# My first Bacon Effort



## chuck2u (Sep 26, 2011)

A week ago I purchased 5# of fresh pork belly and cured it for a week using Tender Quick and slathered it in a third of a cup of maple syrup.  I cold-smoked it with maple wood chips for the first three hours of 8 hours in the smoker at 140 degrees until I had an internal temperature of 120 degrees.  I was very happy with the results!  Next week: Canadian Bacon


----------



## SmokinAl (Sep 27, 2011)

Nice job on your first try!


----------



## tjohnson (Sep 27, 2011)

Looks GREAT!

Better make more, cuz you'll run out quick!

TJ


----------



## Bearcarver (Sep 27, 2011)

Looks Awesome!!!

Beautiful Color!!!

That's very much like I do mine, but I make a little more---You'll be making more real soon---Probably within the week!  LOL

Bear


----------



## africanmeat (Sep 27, 2011)

looks good to me


----------



## boykjo (Sep 27, 2011)

nice job.........................
	

	
	
		
		



		
		
	


	





joe


----------



## teeznuts (Sep 27, 2011)

Congrats on your first belly!

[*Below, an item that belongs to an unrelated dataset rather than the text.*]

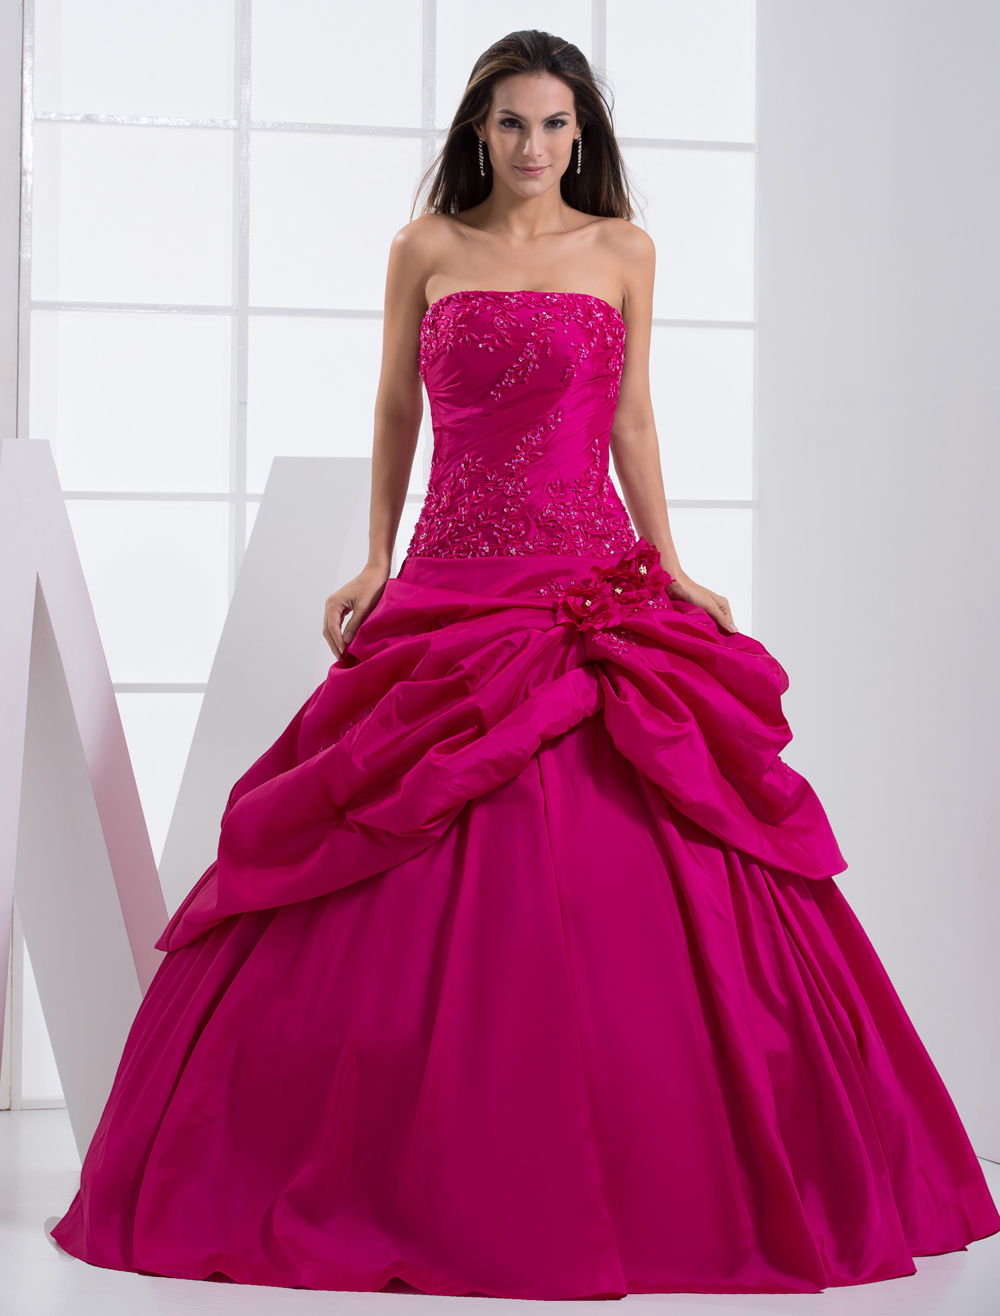 Hot pink Quinceanear Dress Strapless Floor Length Beading Taffeta Ball Gown Party Dress (Wedding Quinceanera Dresses) photo

The guys are right, once you start, You can't stop. The bacon addiction is hard to shake.


----------



## roller (Sep 27, 2011)

Looks great nice color...better than mine...


----------



## fpnmf (Sep 27, 2011)

Looking good!!

  Craig


----------



## realtorterry (Sep 27, 2011)

Tenderquick? I thought it had to be cure#1? Shows how much I know? What ratio did you use?


----------



## chuck2u (Oct 4, 2011)

The package or Morton Tender Quick calls for 1 tablespoon per pound of meat.  My bacon turned out to be just a tiny bit too salty for my palate so I'm going to let it sit in water for 30 minutes before smoking the next time.  I started a loin four days ago and will smoke it this coming Saturday to make my first Canadian bacon.  I won't soak it in water after the cure because I want to see if the salt intake is the same as belly before acting on an assumption.

Chuck


----------



## casmurf (Oct 4, 2011)

I have found for me when making BBB or Canadian bacon 1tablespoon Tender Quick per pound followed by 1tablespoon brown sugar works best. I soak for half hour then fry test. I always do a fry test before  smoking I had a few rough (salty) ones when I first started home curing. But as with all hobbies I got better with practice. I got a butt curing as we speak, will be smoking sometime next week I will try to get some pics.

Jerry


----------



## Bearcarver (Oct 4, 2011)

casmurf said:


> I have found for me when making BBB or Canadian bacon 1tablespoon Tender Quick per pound followed by 1tablespoon brown sugar works best. I soak for half hour then fry test. I always do a fry test before  smoking I had a few rough (salty) ones when I first started home curing. But as with all hobbies I got better with practice. I got a butt curing as we speak, will be smoking sometime next week I will try to get some pics.
> 
> Jerry


That is my method too Jerry. And it works great for me. Never had one cured with TQ become too salty that way. I do the belly bacon the same way, with the same result. I still do the fry test every time, just in case, because once you smoke it, it's too late.

Bear


----------